▶ [Work instructions]: Pictures stay out of the answer, but every line of the material must be restated exactly.

▶ [Information shown]:

□ □ □ □ □

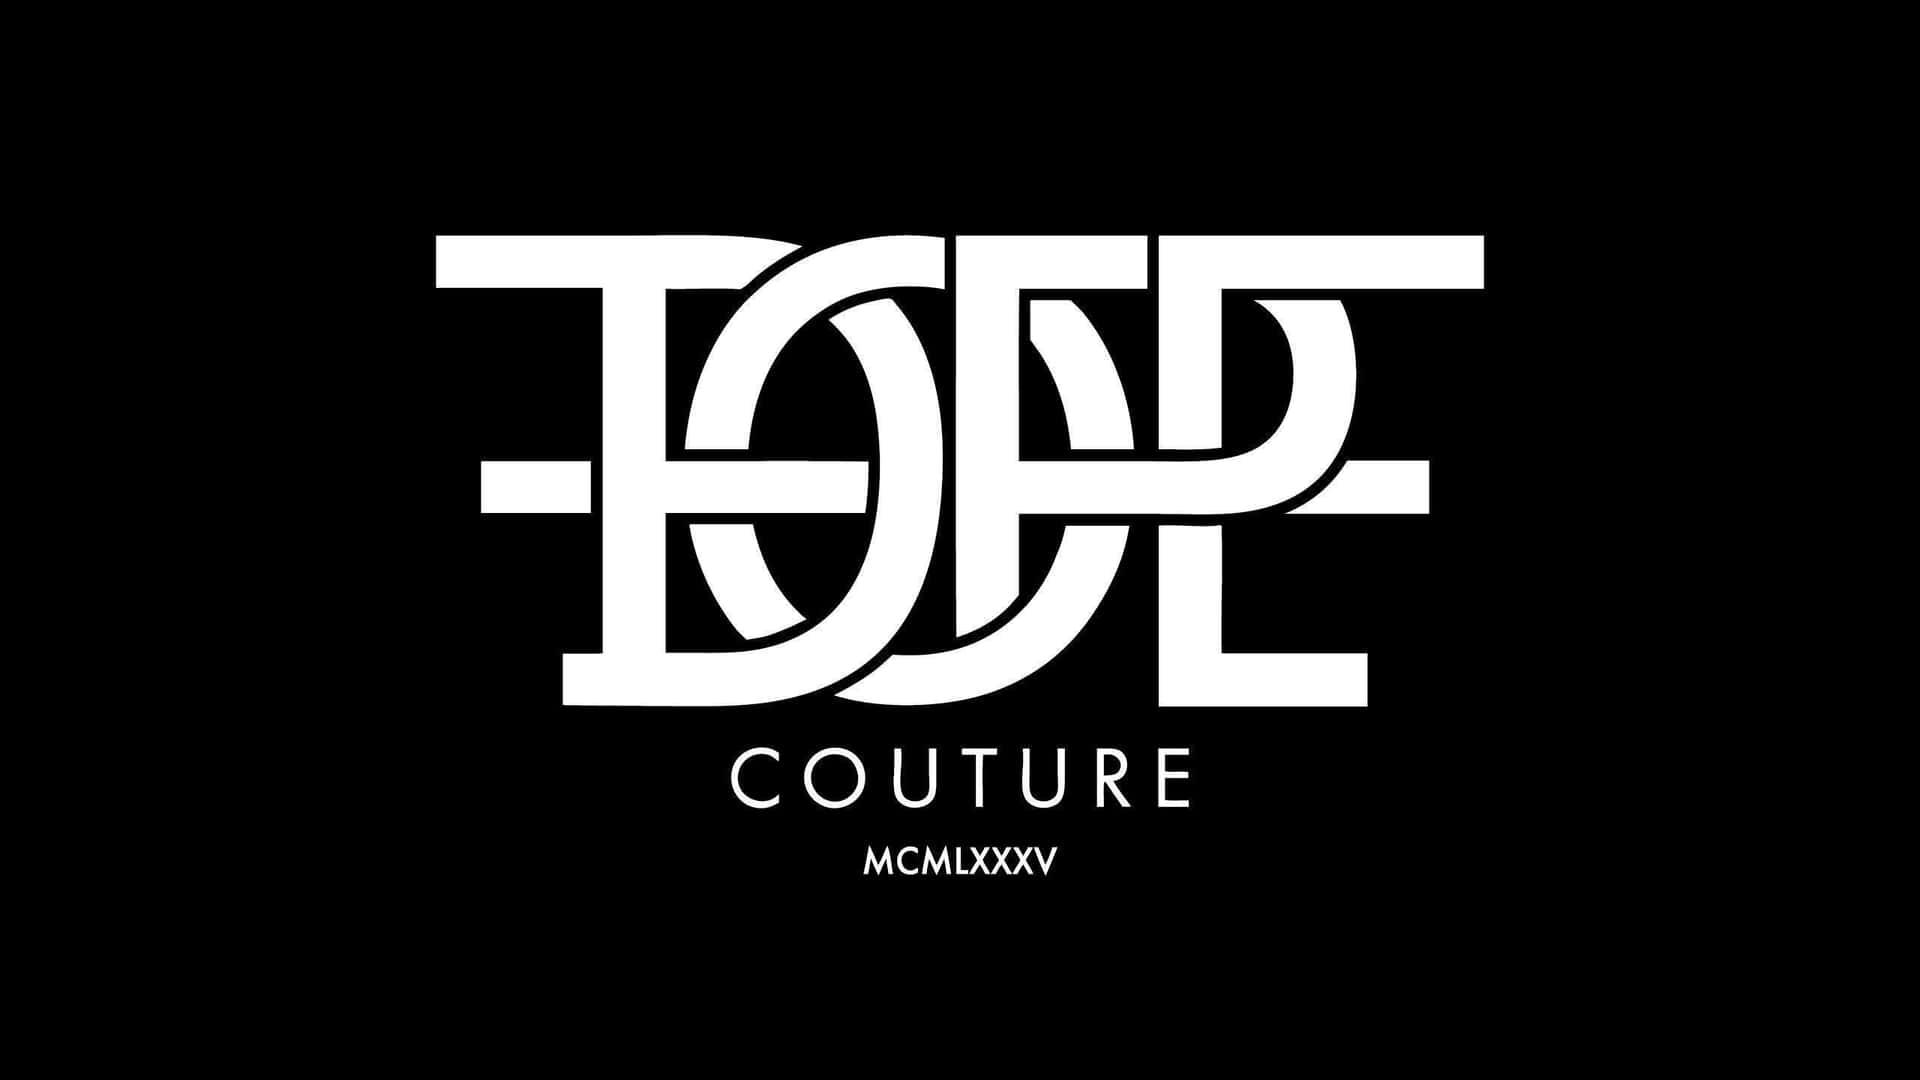 Ensvartvit Logotyp För Modeetiketten Couture. Wallpaper
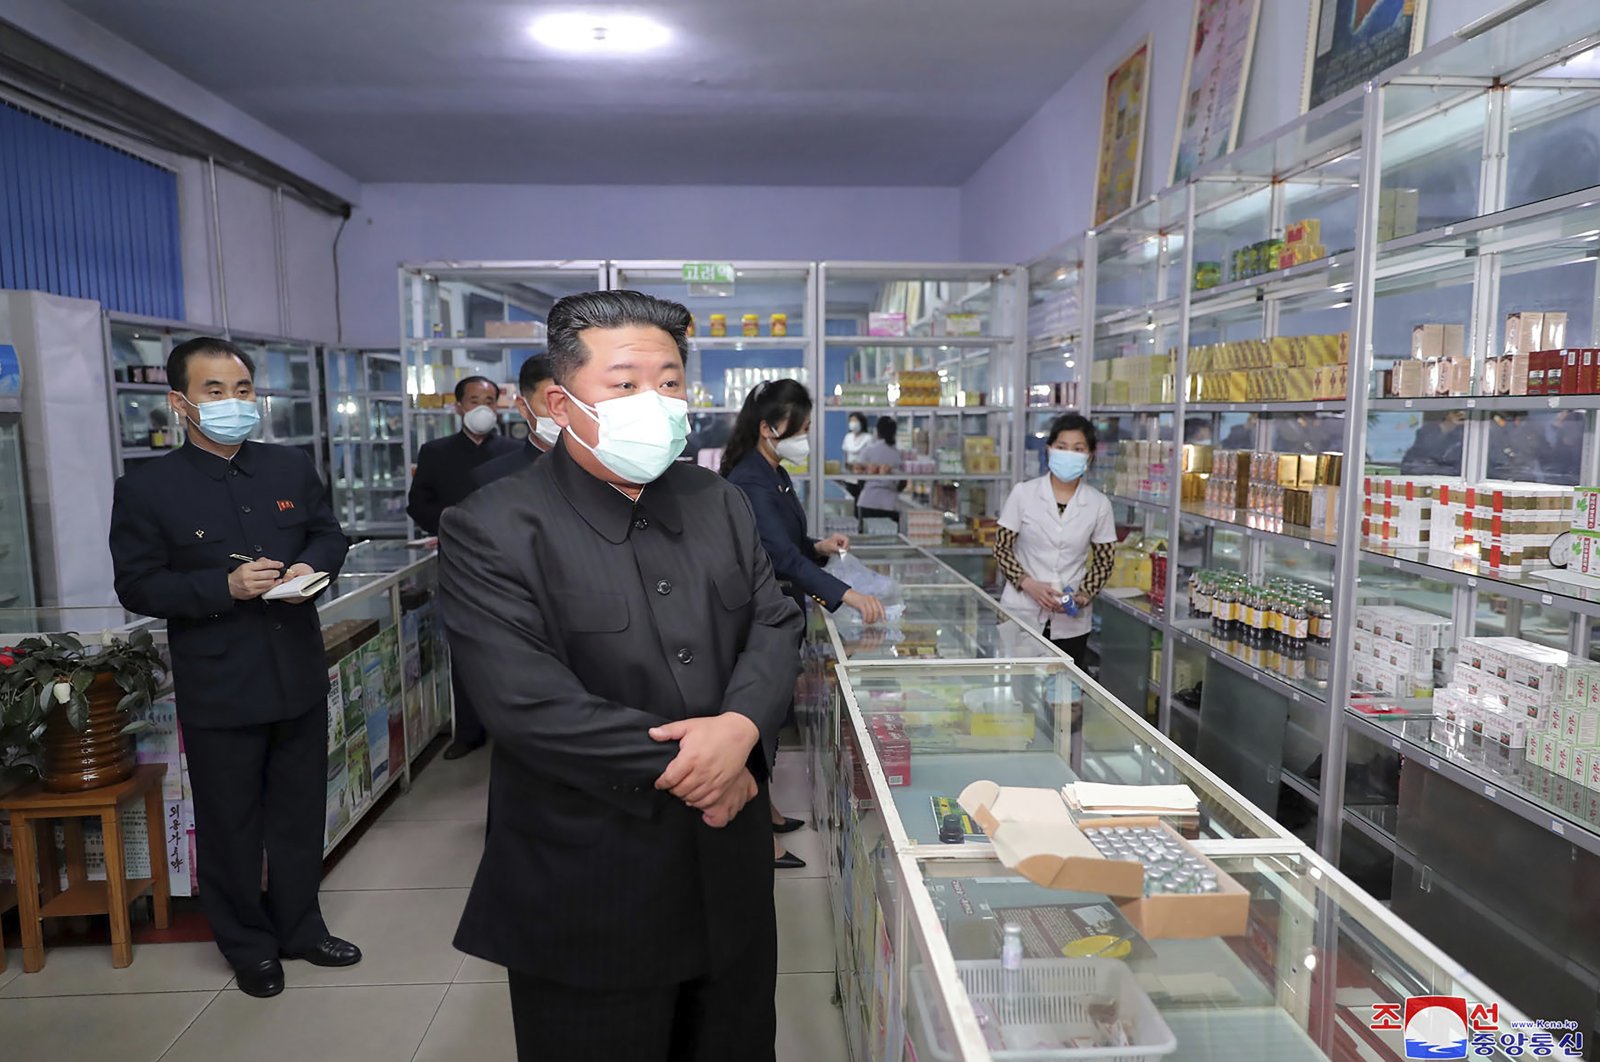 North Korean leader Kim Jong Un (C) visits a pharmacy in Pyongyang, North Korea, Sunday, May 15, 2022. (AP Photo)
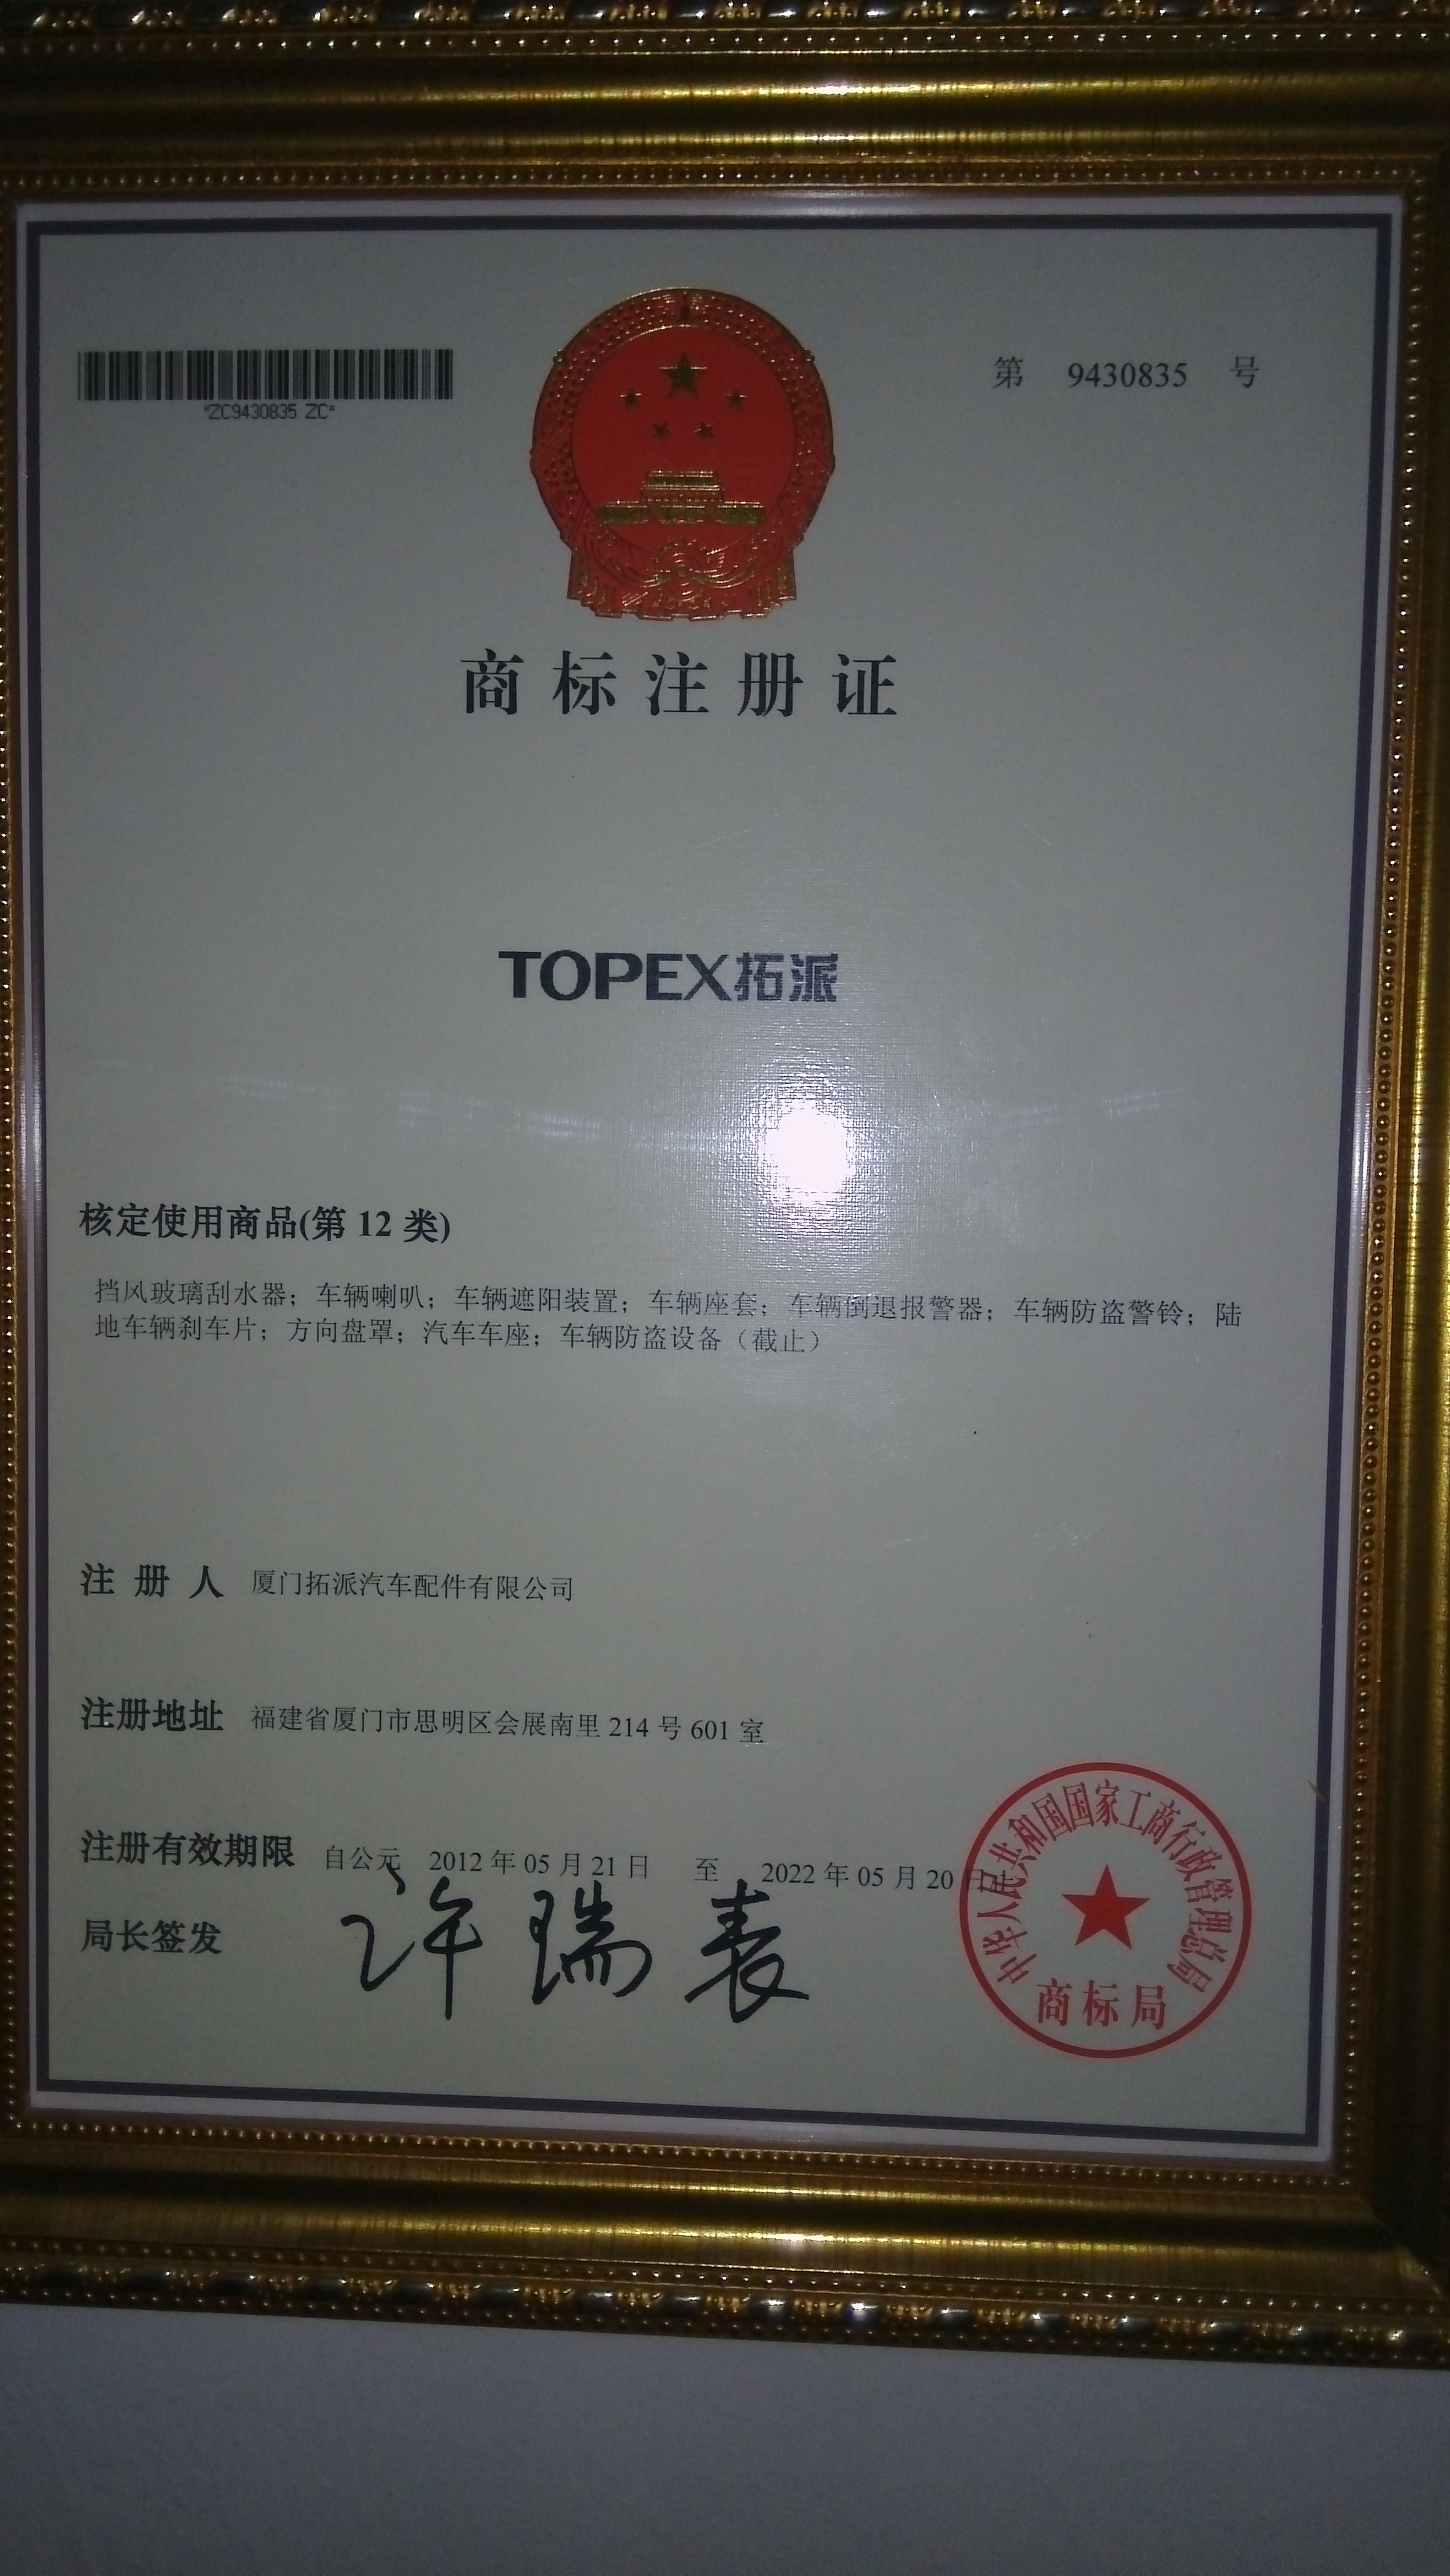 意奔玛被评为中华汽配行业十大滤清器品牌
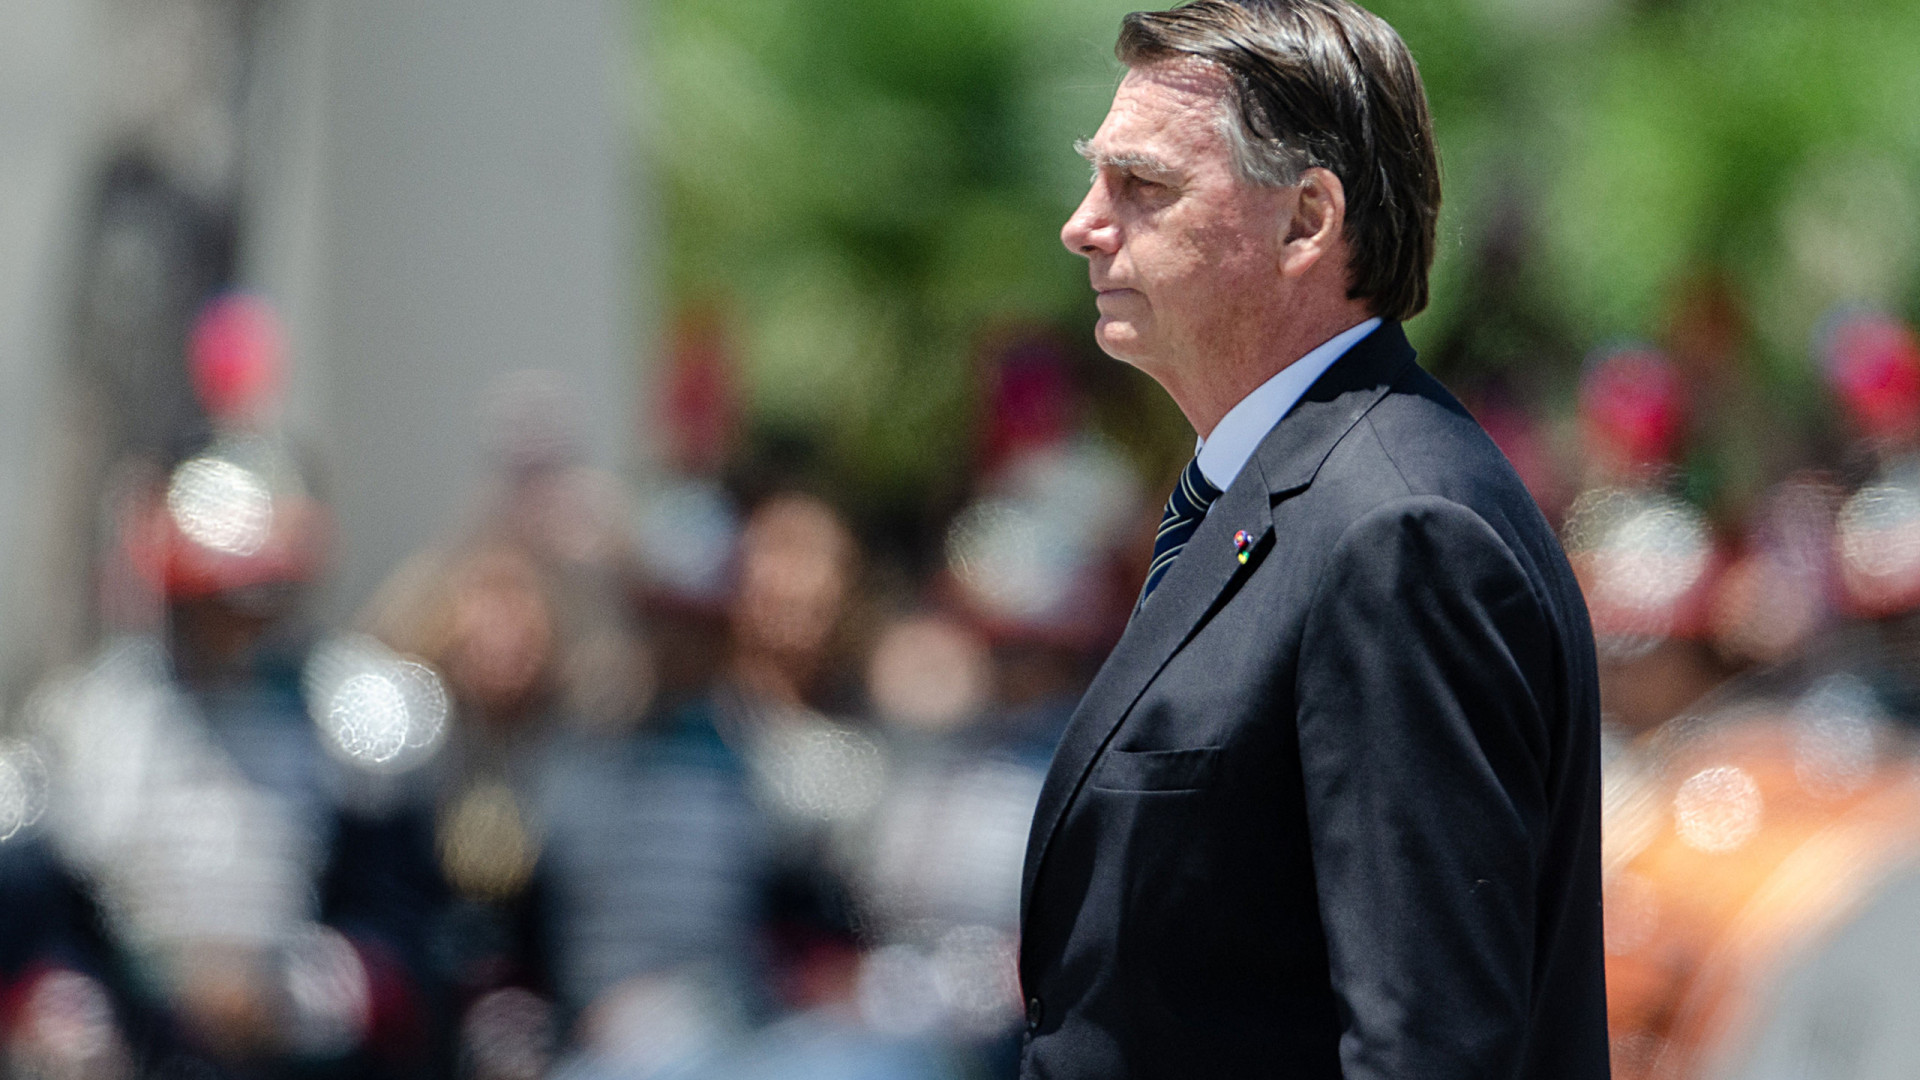 Julgamento de Bolsonaro no TSE: datas, qual a acusação e outras dúvidas respondidas

□ □ □ □ □

▶ [Response below]:
 Ensvartvit Logotyp För Modeetiketten Couture. Wallpaper
 North Korean leader Kim Jong Un (C) visits a pharmacy in Pyongyang, North Korea, Sunday, May 15, 2022. (AP Photo)
 意奔玛被评为中华汽配行业十大滤清器品牌
 Julgamento de Bolsonaro no TSE: datas, qual a acusação e outras dúvidas respondidas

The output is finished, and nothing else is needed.